Schrutan and Gibecke / rode into the mellay, Eke Ramung and Hornbog / after the Hunnish way; Yet must they come to standstill / 'fore the thanes of Burgundy. High against the palace / wall the splintered shafts did fly.
How keen soe'er the contest, / 'twas naught but knightly sport. With shock of shields and lances / heard ye the palace court Loud give back the echo / where Gunther's men rode on. His followers in the jousting / on every side high honor won.
So long they held such pastime / and with so mickle heat That through the broidered trappings / oozed clear drops of sweat From the prancing chargers / whereon the knights did ride. In full gallant manner / their skill against the Huns they tried.
Then outspake the Fiddler, / Volker deft of hand: "These knights, I ween, too timid / are 'gainst us to stand. Oft did I hear the story / what hate to us they bore; Than this a fairer season / to vent it, find they nevermore."
"Lead back unto the stables," / once more spake Volker then, "Now our weary chargers; / we'll ride perchance again When comes the cool of evening, / if fitting time there be.

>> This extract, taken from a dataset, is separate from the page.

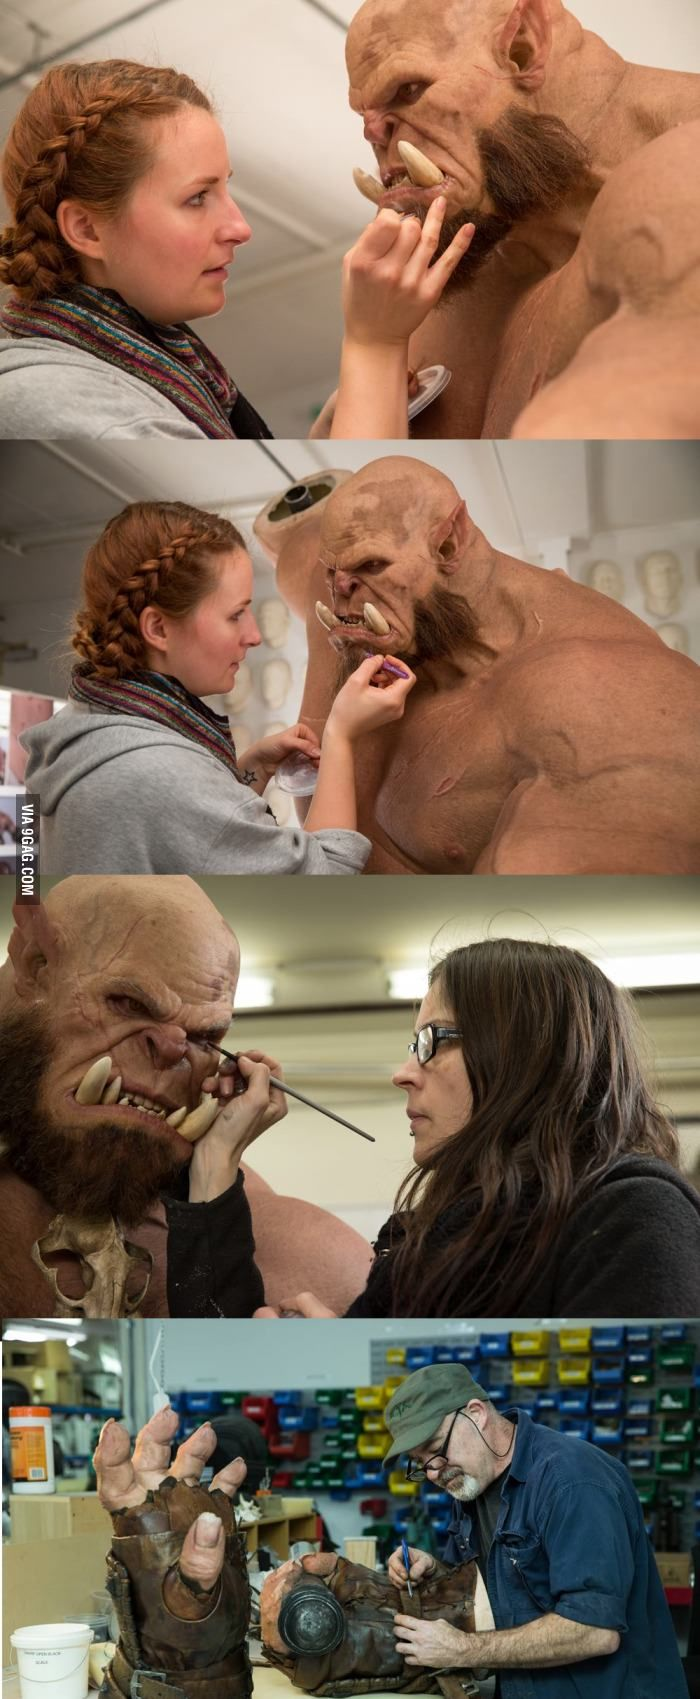 Warcraft Movie: Behind the Scenes - 9GAG

Mayhap the queen will honor / award to men of Burgundy."
Beheld they then prick hither / one dressed in state so rare That of the Huns none other / might with him compare. Belike from castle tower / did watch his fair lady; So gay was his apparel / as it some knight's bride might be.
Then again quoth Volker: / "How may I stay my hand? Yonder ladies' darling / a knock shall understand. Let no man here deter me, / I'll give him sudden check. How spouse of royal Etzel / thereat may rage, I little reck."
"Nay, as thou dost love me," / straight King Gunther spake; "All men will but reproach us / if such affront we make. The Huns be first offenders, / for such would more befit." Still did the royal Etzel / in casement by Queen Kriemhild sit.
"I'll add unto the mellay," / Hagen did declare; "Let now all these ladies / and knights be made aware How we can ride a charger; / 'twere well we make it known, For, come what may, small honor / shall here to Gunther's men be shown."
Once more the nimble Volker / into the mellay spurred, Whereat full many a lady / soon to weep was heard. His lance right through the body / of that gay Hun he sent: 'Twas cause that many a woman / and maiden fair must sore lament.
Straight dashed into the mellay / Hagen and his men. With three score of his warriors / spurred he quickly then Forward where the Fiddler / played so lustily. Etzel and Kriemhild / full plainly might the passage see.
Then would the kings their minstrel / —that may ye fairly know— Leave not all defenceless / there amid the foe. With them a thousand heroes / rode forth full dexterously, And soon had gained their purpose / with show of proudest chivalry.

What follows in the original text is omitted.